┌──
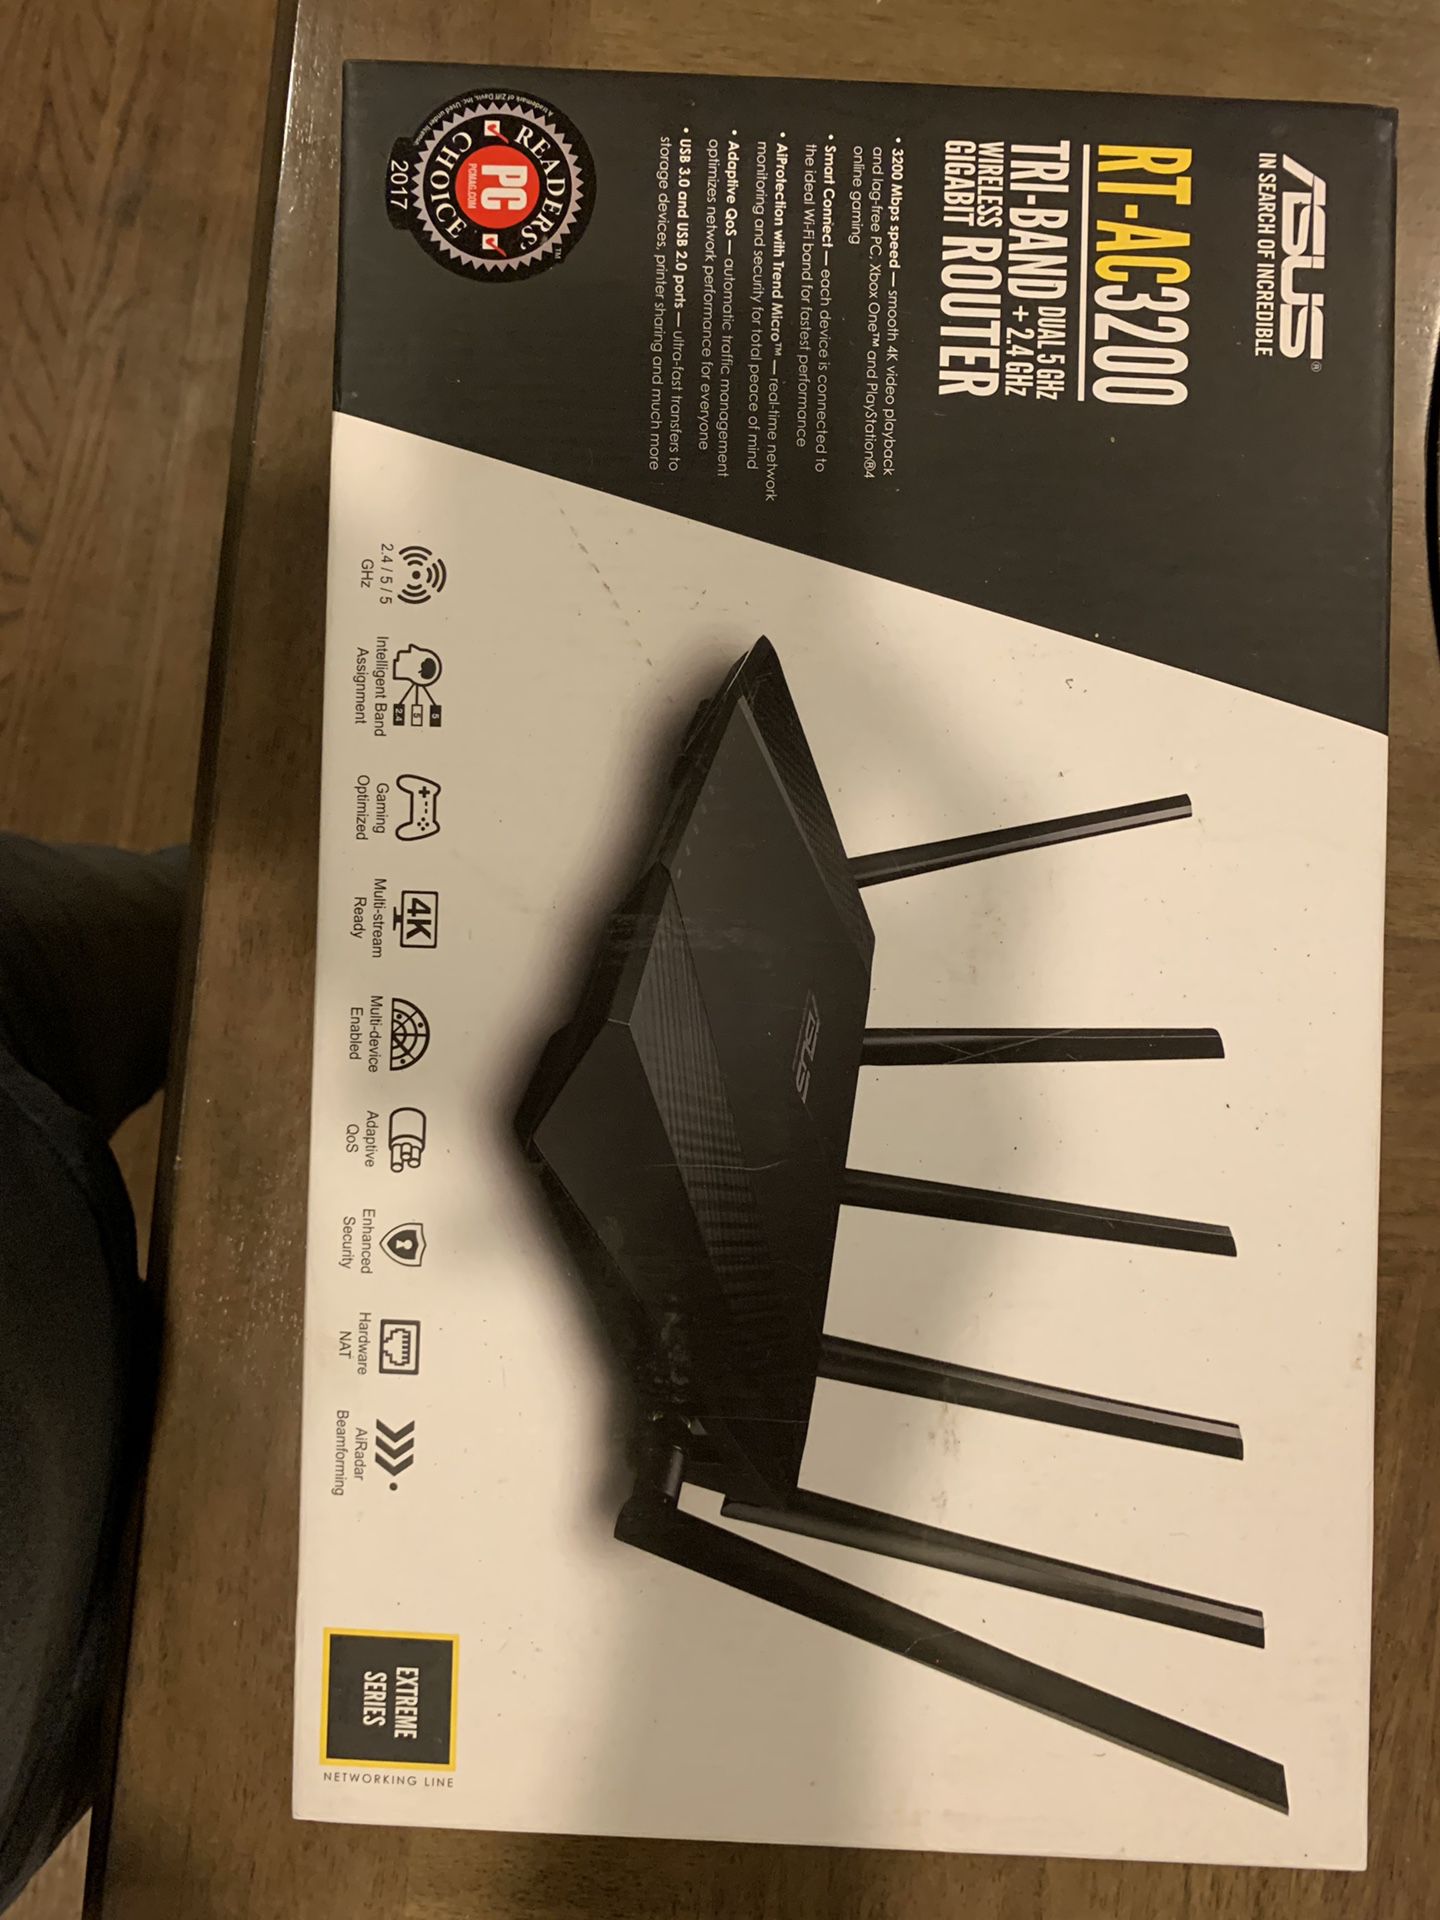 Asus RT-AC3200 triband dual 5 ghz + 2.4ghz wireless gigabite router
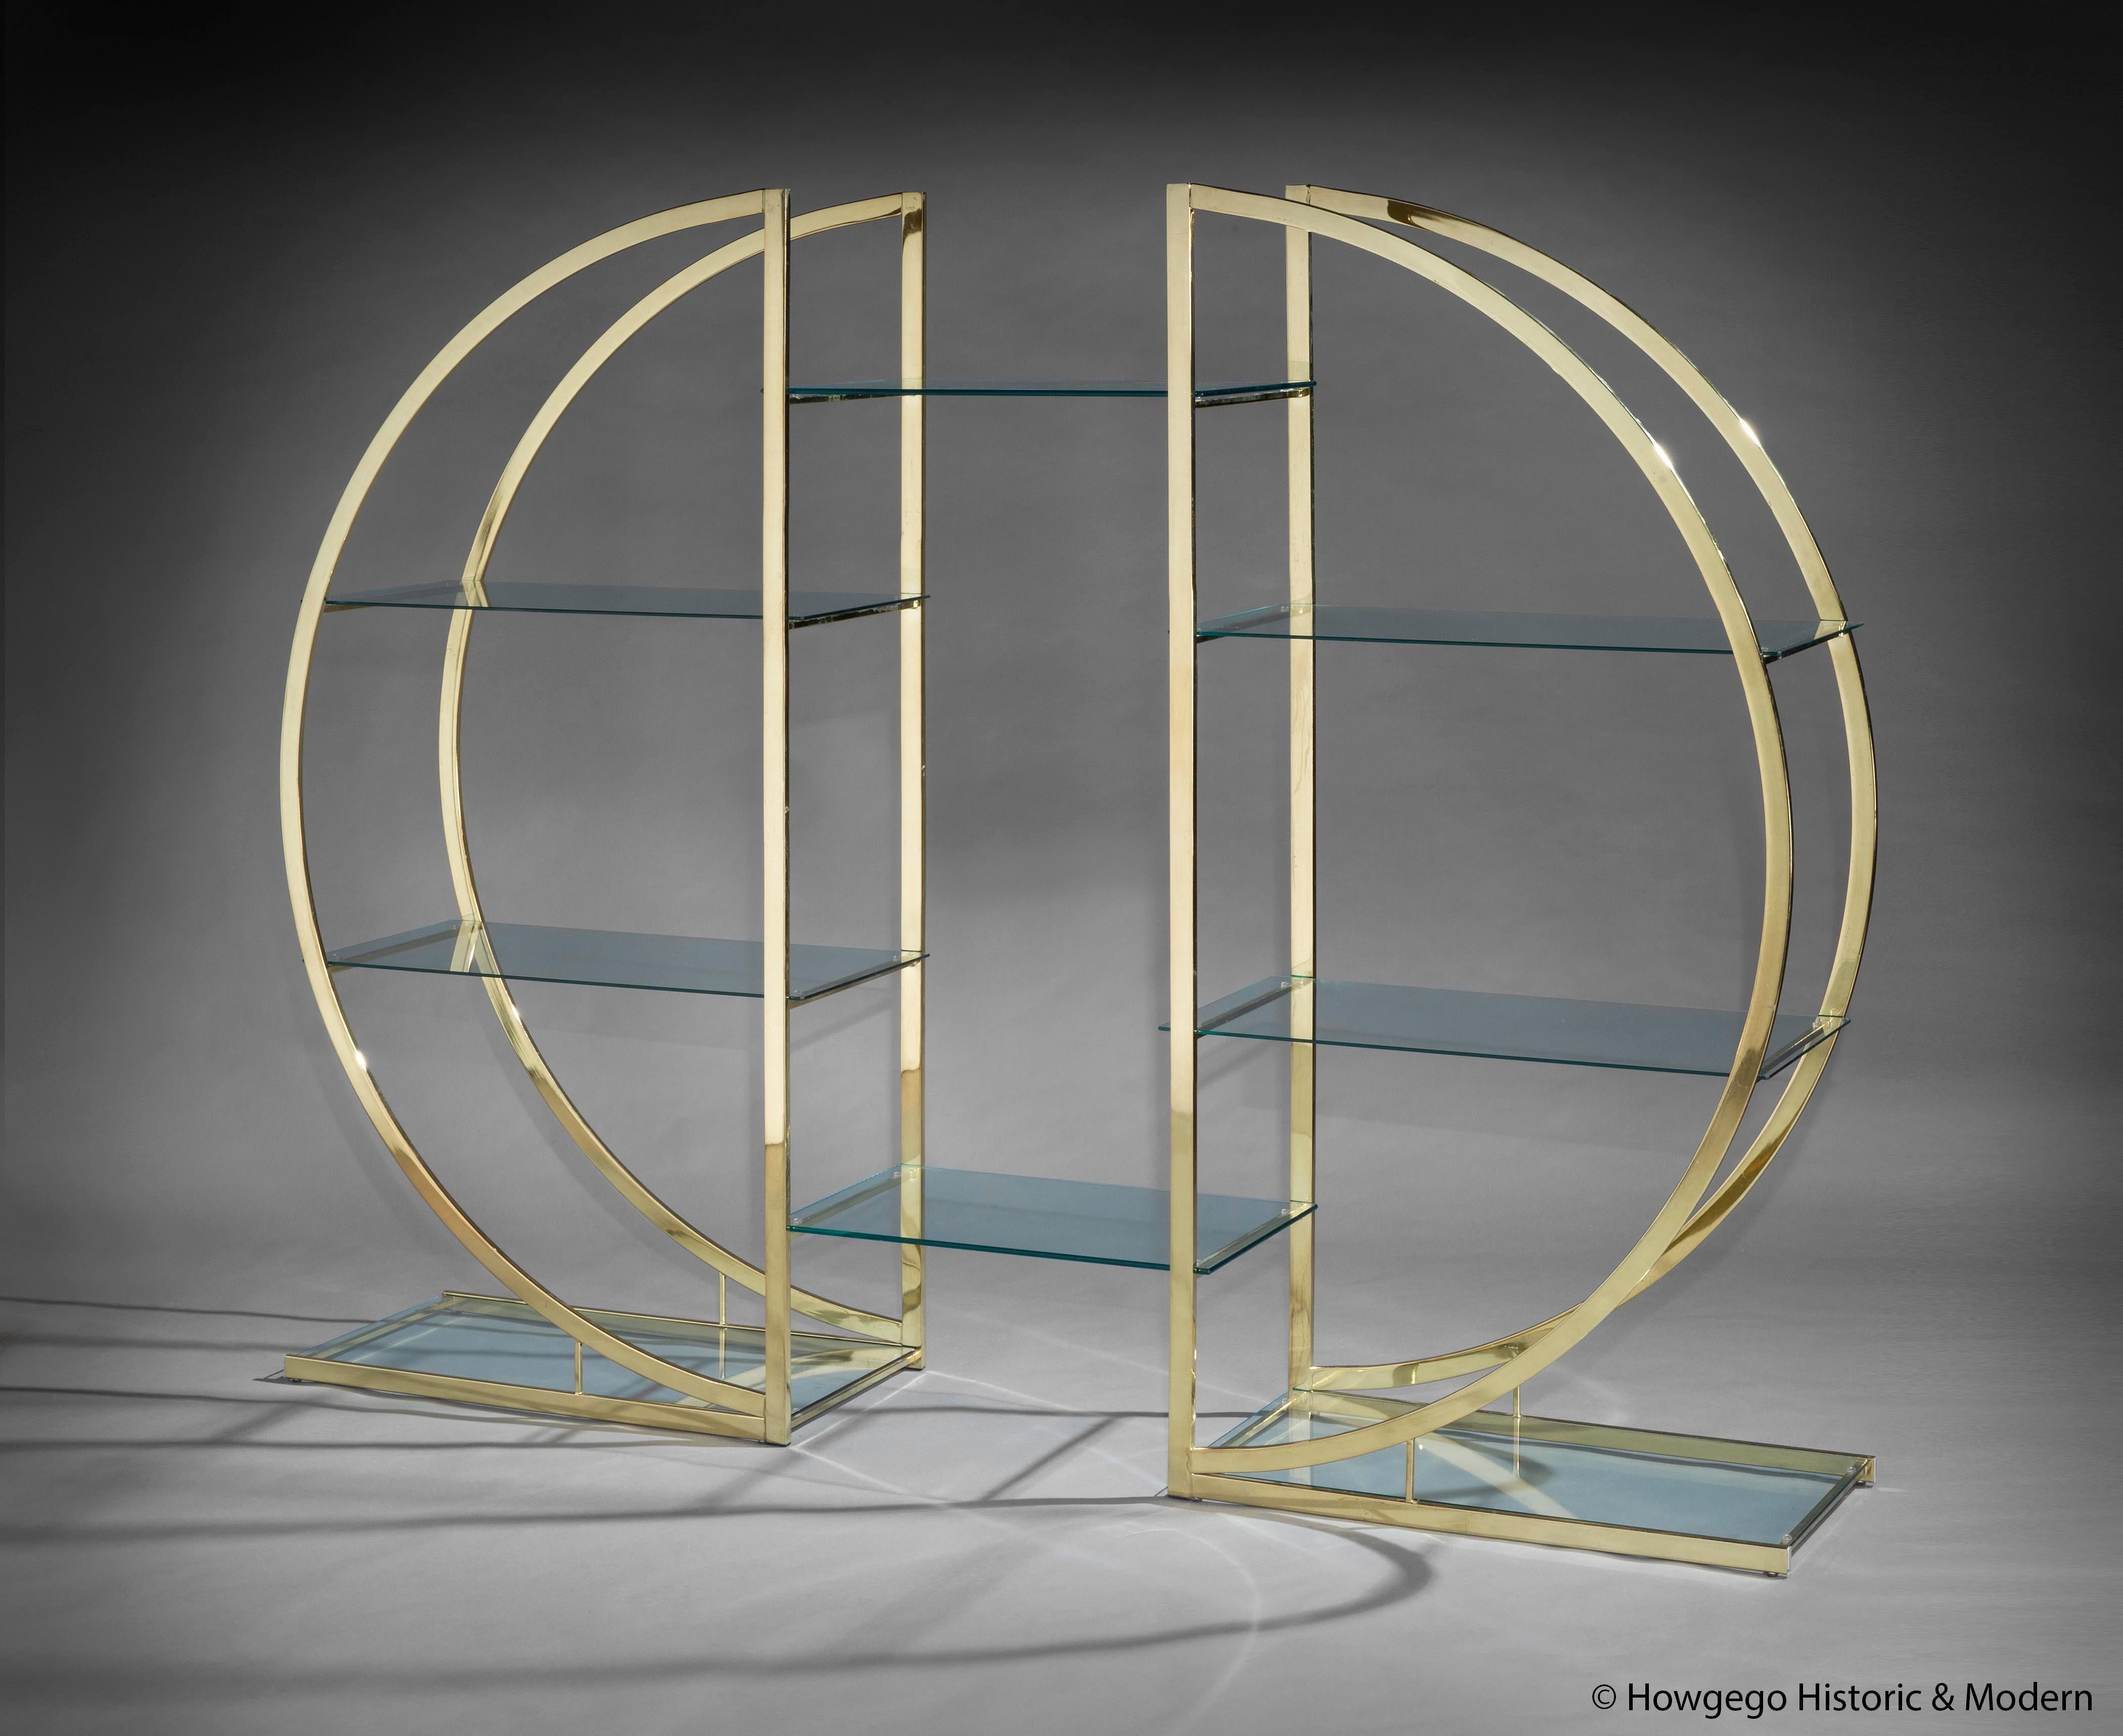 Classical elegance, Mid-Century Modern brass & glass bookcase or display piece evoking Art Deco designs
Versatile can be used as one large bookcase or two small bookcases

If used as a single piece the top and bottom shelves bridges both
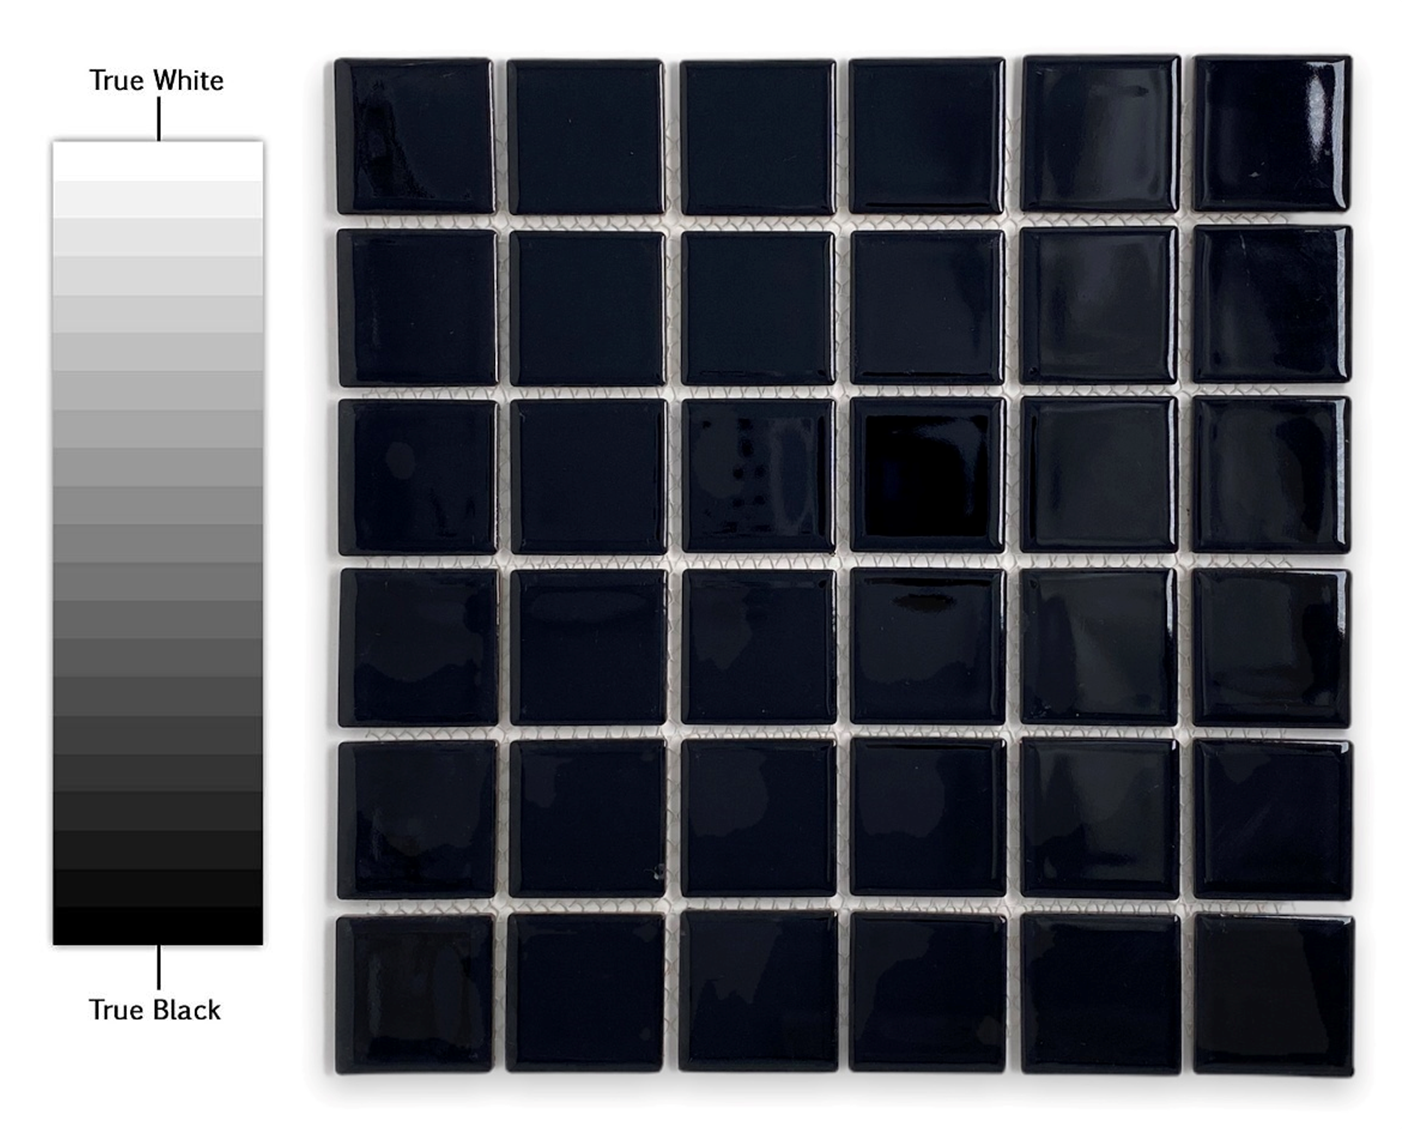 Tenedos Premium Quality 2" (Exact Size 1-15/16 in.) Black Porcelain Square Mosaic Tile Shiny Look Designed in Italy (12x12) for Kitchen Backsplash, Pool Tile, Bathroom Wall, Accent Wall
└──
What you have to do: Transcribe every line from the one containing "Versatile can be" to the end of the listing, exactly and exclusively. Do not carry any picture over.

Task solution:
Versatile can be used as one large bookcase or two small bookcases

If used as a single piece the top and bottom shelves bridges both
 Tenedos Premium Quality 2" (Exact Size 1-15/16 in.) Black Porcelain Square Mosaic Tile Shiny Look Designed in Italy (12x12) for Kitchen Backsplash, Pool Tile, Bathroom Wall, Accent Wall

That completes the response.